Гари, наверно, это понял. Потому ему, наверное, и было стыдно, потому он и просил прощения. А я поняла только, какая опасность ему грозит, если увидят, что он, черный, выносит меня на руках в ворота, ведущие в мир белых людей.
Я все ищу сравнений, метафор, чтобы яснее выразить мою мысль, но ничего не нахожу, потому что ничего и нет. Просто индиец несет на руках англичанку, с которой у него была любовь и над которой у него на глазах надругались другие, несет ее туда, где она будет в безопасности. Это и есть метафора. Этим сказано все, что нужно, правда? Если развить эту ситуацию, представить себе, что он донес меня до дома Макгрегора, сдал на попечение тете Лили, позвонил доктору, позвонил в полицию, отвечает на вопросы, которые ему задают как моему спасителю, получится что-то совершенно неправдоподобное, какой-то абсурд. Когда додумаешь до того места, где Роналд, скажем, отводит Гари в сторону и Гари ему отвечает: «Да, у нас там было свидание», Роналд должен сочувственно кивнуть головой, но не кивнет, если не выбелить Гари кожу, чтобы она стала не просто как у белого, а как у белого, потрясенного до такой степени, что другой белый не может не пожалеть его, как бы ни осуждал.
Вот потому я с ним и боролась, и била его, и твердила: «Мы не виделись. Ты ничего не знаешь».
Так легко сказать: «Я не видела Гари Я его не видела с тех пор, как мы были в храме». Я так и сказала Лили, когда лежала на диване в гостиной. Она поняла наконец, что случилось, и спросила: «Это был Гари?» И я ответила слишком, пожалуй, поспешно, но твердо: «Нет-нет, Гари я не видела. Я его не видела с тех пор, как мы ходили в храм».
Она спросила: «Так кто же это был?» Я отвела глаза. Сказала: «Не знаю, пятеро или шестеро. Я не видела. Было темно. Они замотали мне голову».
Раз ты их не видела, как ты можешь знать, что одним из них не был Гари Кумар? Вот вопрос, на который мне пришлось бы ответить. Лили его не задала. Только спросила: «Где?», и я ответила: «В Бибигхаре». И опять мог последовать вопрос «Что ты там делала, в Бибигхаре?» Но и этот вопрос не был задан. Лили его не задала ни тогда, ни позже. Но капкан уже был поставлен. С той самой минуты, когда я споткнулась и упала на ступеньки веранды.
Я сильно ушибла колено.

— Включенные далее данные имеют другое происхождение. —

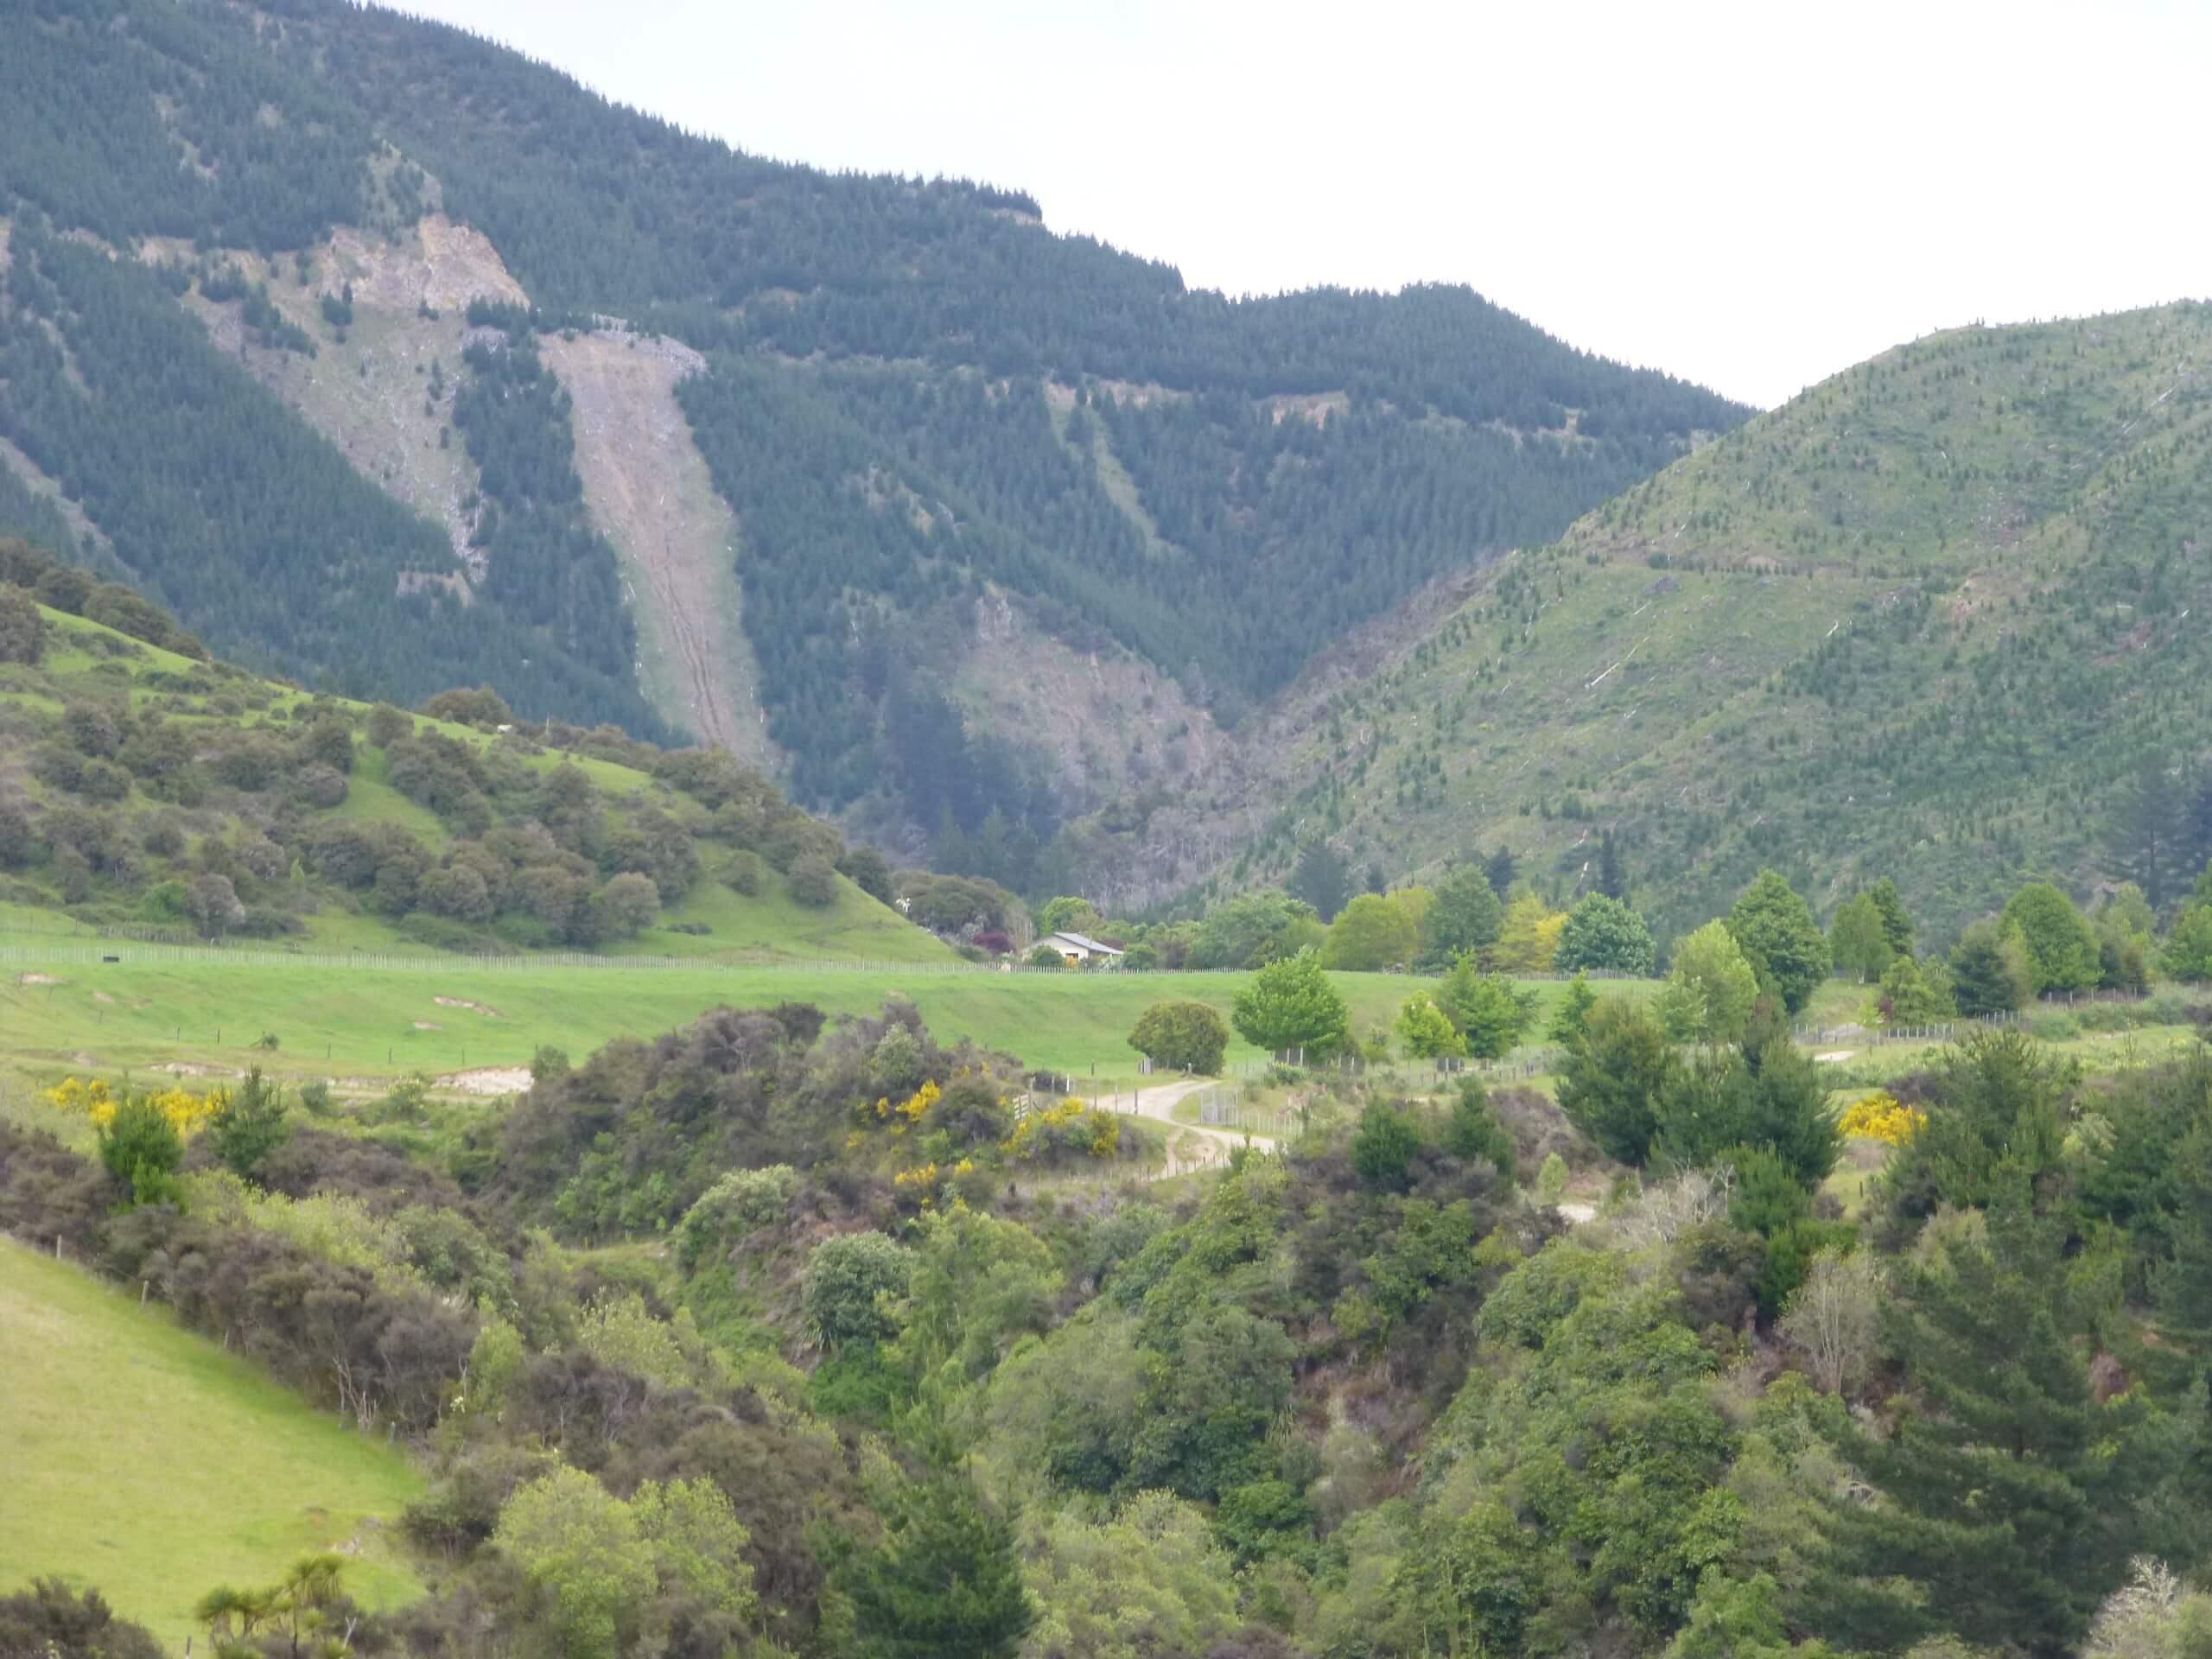 Weit weg Reisen, im Tal des Mōhaka River, die Mountain Valley Adventures Lodge 6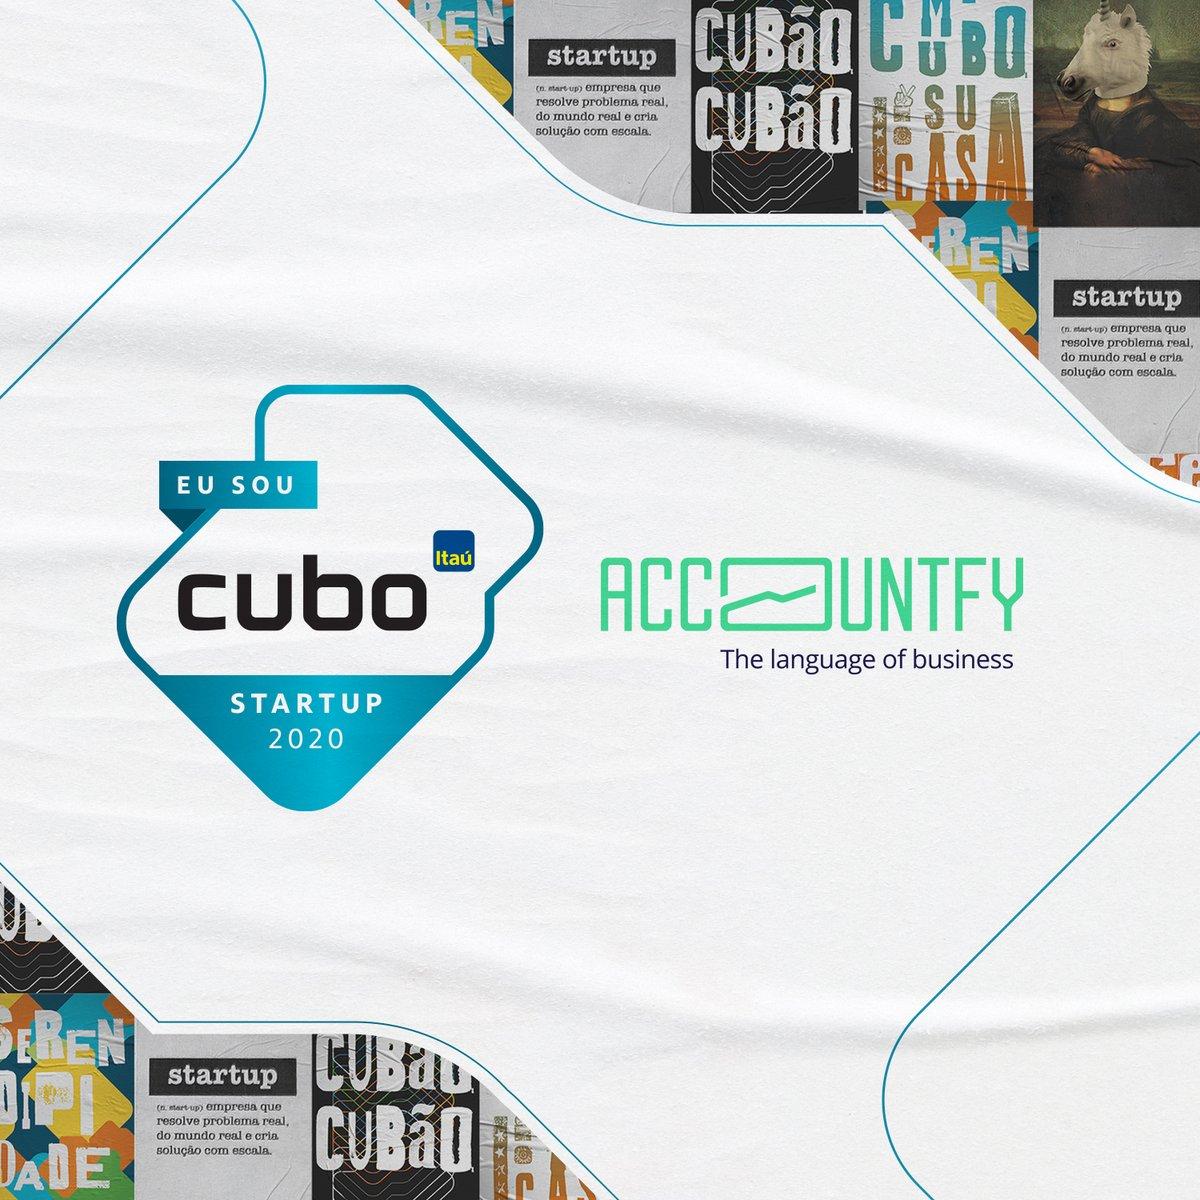 #VocêSabia que o @accountfy  faz parte do @cubo_network, maior centro de empreendedorismo tecnológico da América Latina?!  O Cubo Itaú é a casa de algumas das mais relevantes startups brasileiras! É uma honra compor esse ecossistema! #fintech #startuppic.twitter.com/LXv5pPet3n

На несколько секунд, вероятно, потеряла сознание. Когда я очнулась и попробовала встать, рядом была Лили, она смотрела на меня как будто не узнала. Помню, она сказала. «Раджу». То ли позвала его на помощь, то ли он вышел на веранду следом за ней. А потом уже помню гостиную и как мне дают коньяку. Очевидно, меня внесли в дом Раджу и Бхалу. Помню, что Бхалу стоял на ковре босой. Его черные ноги. И Раджу босиком. Черные руки. И черные лица. Когда я выпила коньяк, Лили попросила их отнести мемсахиб наверх. Они приблизились ко мне, но я закричала, просила ее услать их прочь. Вот тут-то Лили поняла, в чем дело. Когда я опять открыла глаза, мы были одни и мне было стыдно смотреть на нее. И тут она спросила: «Это был Гари?», и я поспешила с отрепетированным ответом.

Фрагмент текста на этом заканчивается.